Monday, May 25, 2020

Drops of God Vol. 6 by Tadashi Agi

What good is it to even have a following on the internet if you can't get people super obsessed over the same things as you? That's what I've been asking myself as I've been plunging into this relatively obscure manga for adults, The Drops of God. It's a manga about wine making, wine tasting, and wine pairing, and as a Californian who loves all things wine, I'm obsessed.

This is kind of a two part "episode." The first half of the book is about the creepily flirty "fauxtalian," Honma, and the one-sided love affair that led to him eschewing all French wines. He finally spills his tragic story to his friends, gets over being put in the friendzone, and comes to terms with the fact that sometimes happiness means letting people go. A pretty mature message for a book geared towards young men, I thought.

The second half of the book is about-- YES-- another contest involving blind tasting. Shizuku's loyal friend and wine sommelier-in-the-making meets a childhood friend again with his arrival as a big-spending customer. But despite his humble origins, he's become a terrible snob and thinks he can sell wines the way people buy designer bags: through the allure of the label only. Now Shizuku and Miyabi must find some mediocre but pricey wines to pair against cheap and luxirious-tasting wines to prove him wrong OR Miyabi will quit her job with their company and go to work with him as a consultant instead-- oh noes.

This time, I decided to Google some of the info about the history of the big five chateaux because I keep saying "ohhhh it sounds authentic!" without really knowing all that much, and it kind of makes me feel like a phony.

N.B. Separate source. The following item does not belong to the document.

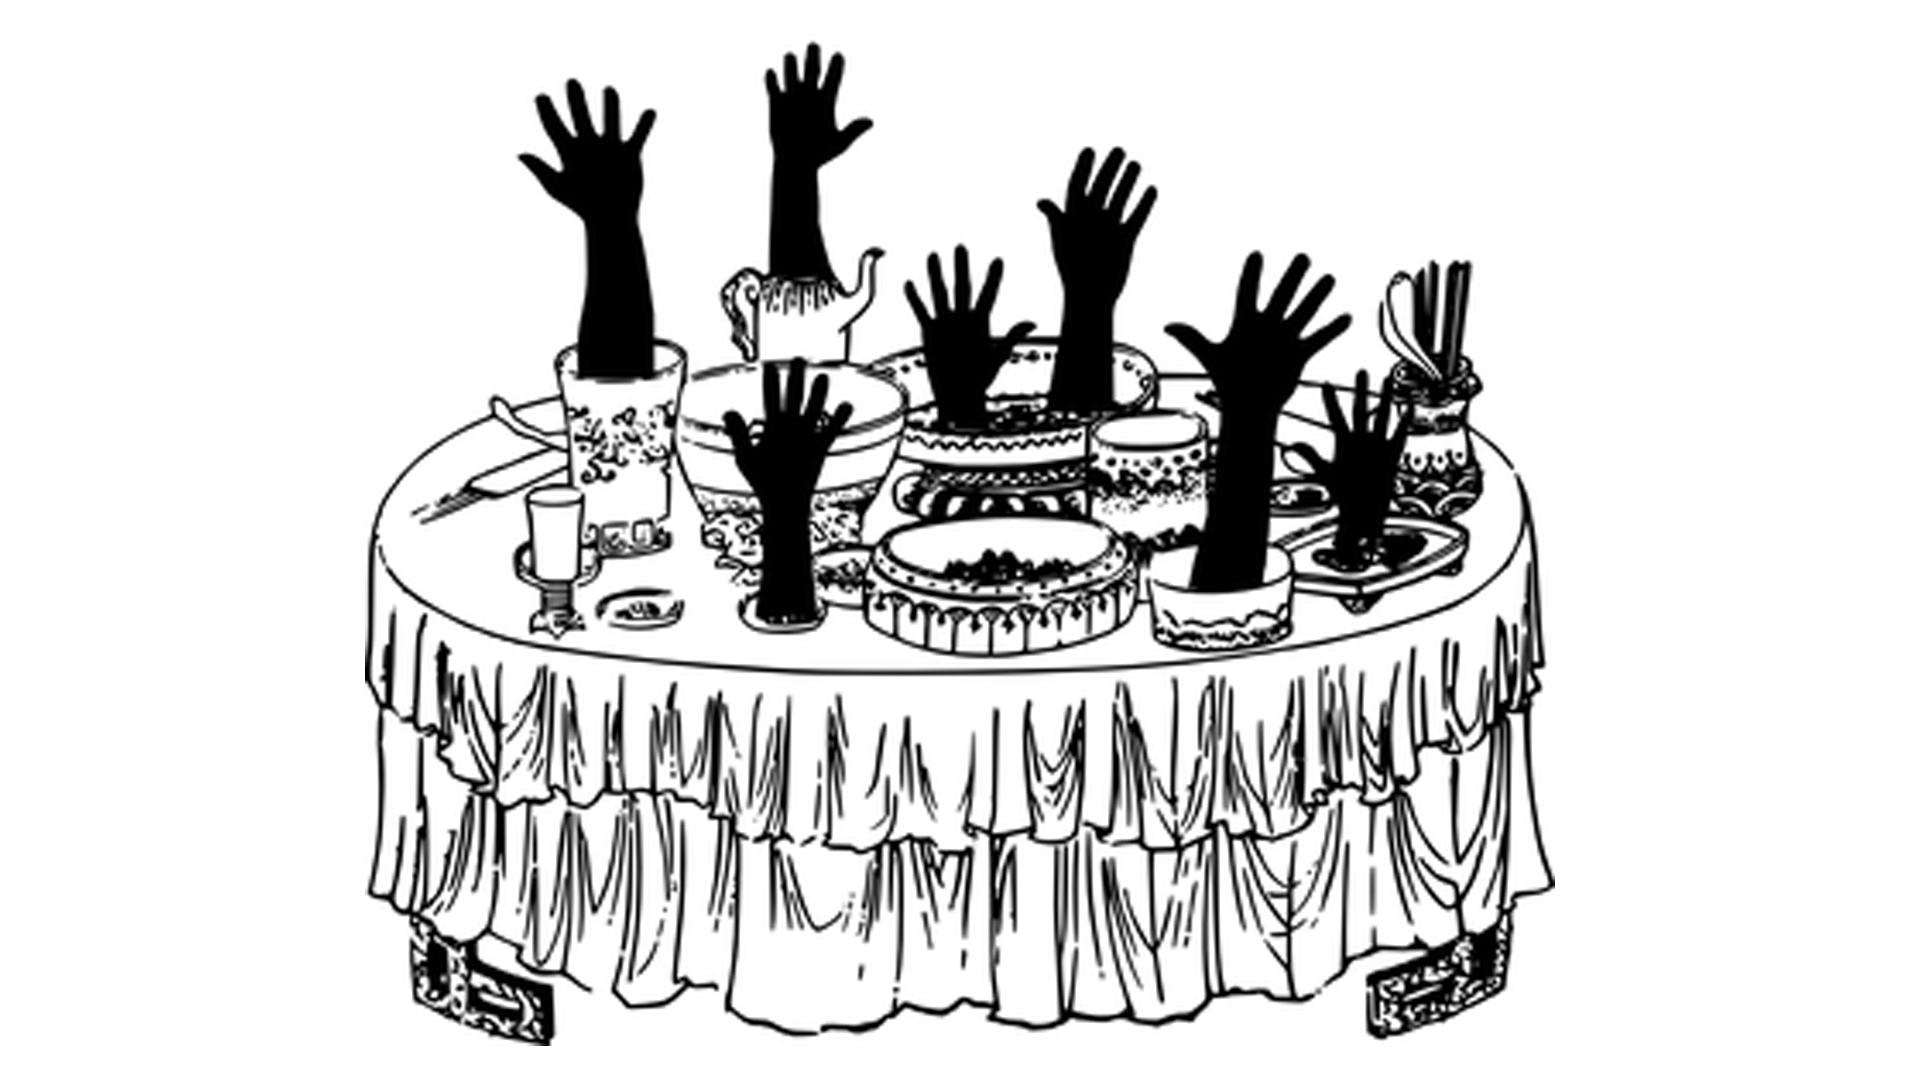 Motel Spooky-Nine artwork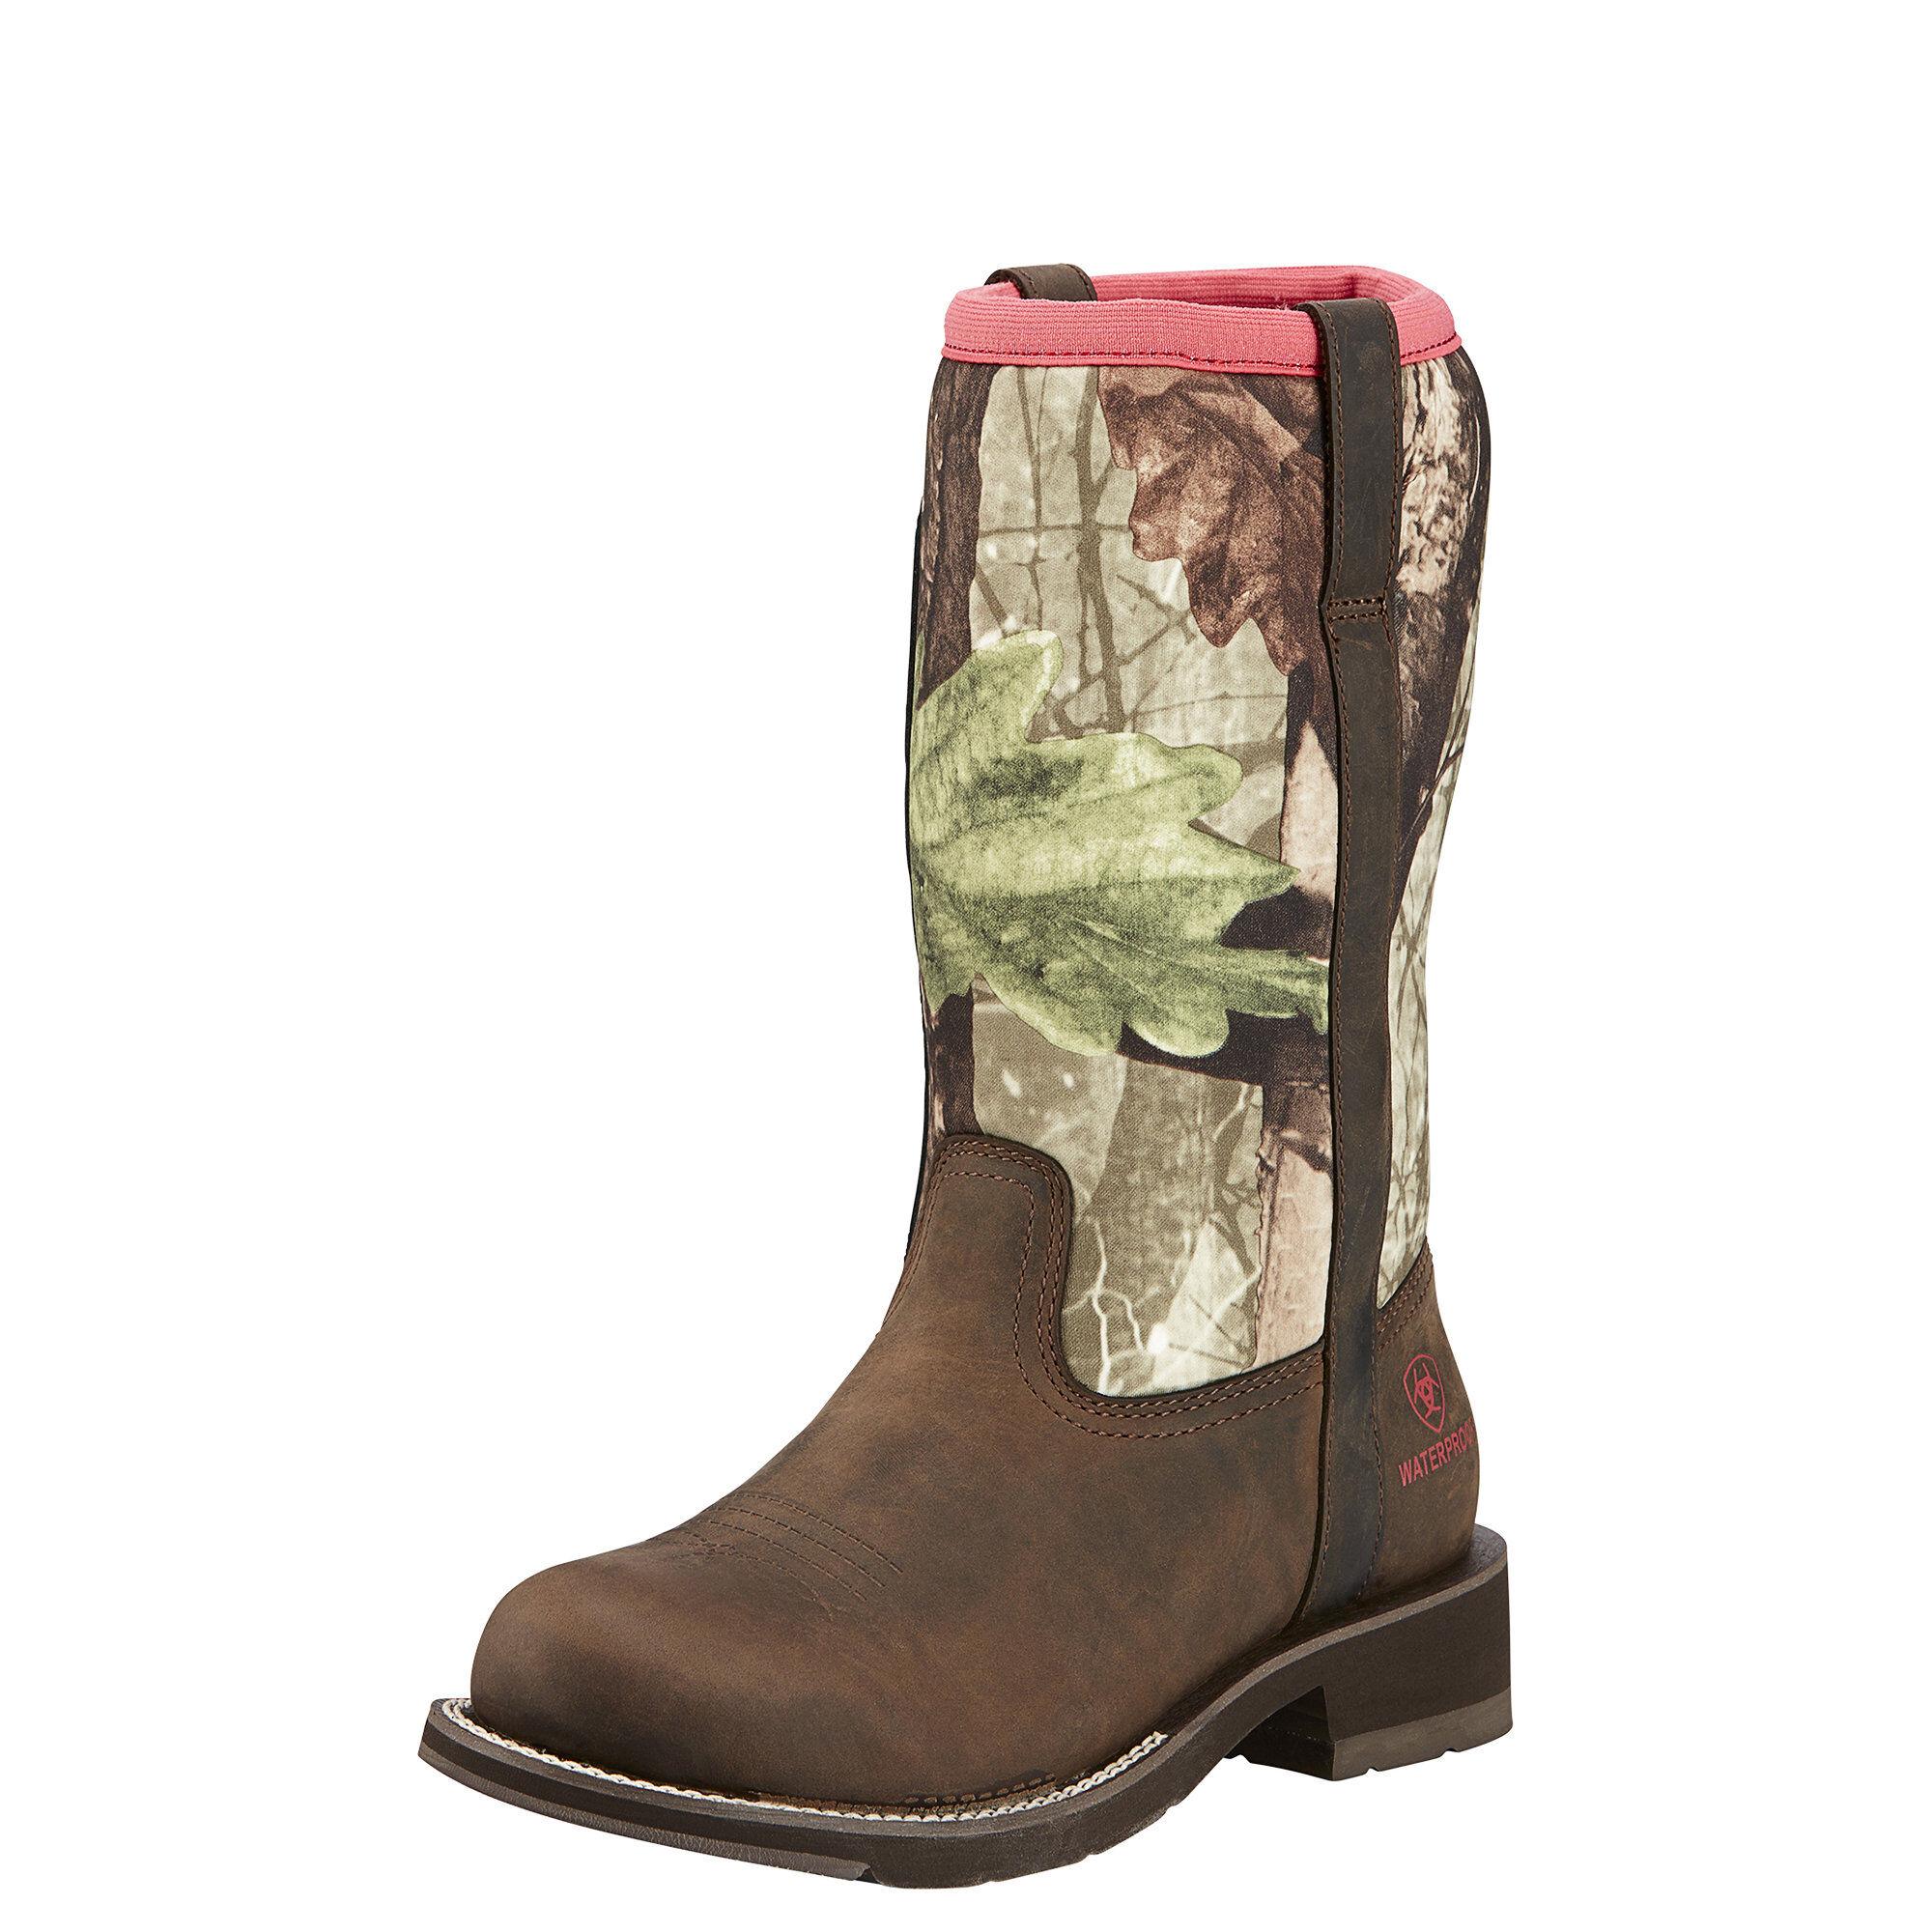 Fatbaby All Weather Waterproof Western Boot

So I did some light Googling and yes, it seems like the information really is authentic: much more so than I previously thought. I wouldn't be surprised if the authors maybe took a couple liberties, but a lot of the stuff they're talking about does seem factually accurate.

Sometimes the descriptions of the wines are so over the top and cheesy, but I think the mangaka did it so they could have pretty, fantastical scenes to draw. I must admit, I did like the idea of a highly tannic wine being compared to a dusty Egyptian tomb in the middle of the desert. I'm a basic b, so I would compare it to licking a dry, tea-stained paper towel for minutes, but the effect is the same: dry mouth and sorry you. Some might find them annoying and fanciful but I kind of like them.

I would recommend Drops of God to anyone who loves wine. I feel like it does such a good job of portraying wine culture and the types of ridiculous individuals you sometimes meet in the wine scene, like label snobs, region snobs, etc. This manga might be boring if you don't care about wine at all, but if you do, it will make you want to have a glass right now, with a full course meal to pair it with to boot because oh, yes, I haven't even talked about the food porn. Manga and anime do a great job making food look super appealing period, but Drops of God takes it a full step further.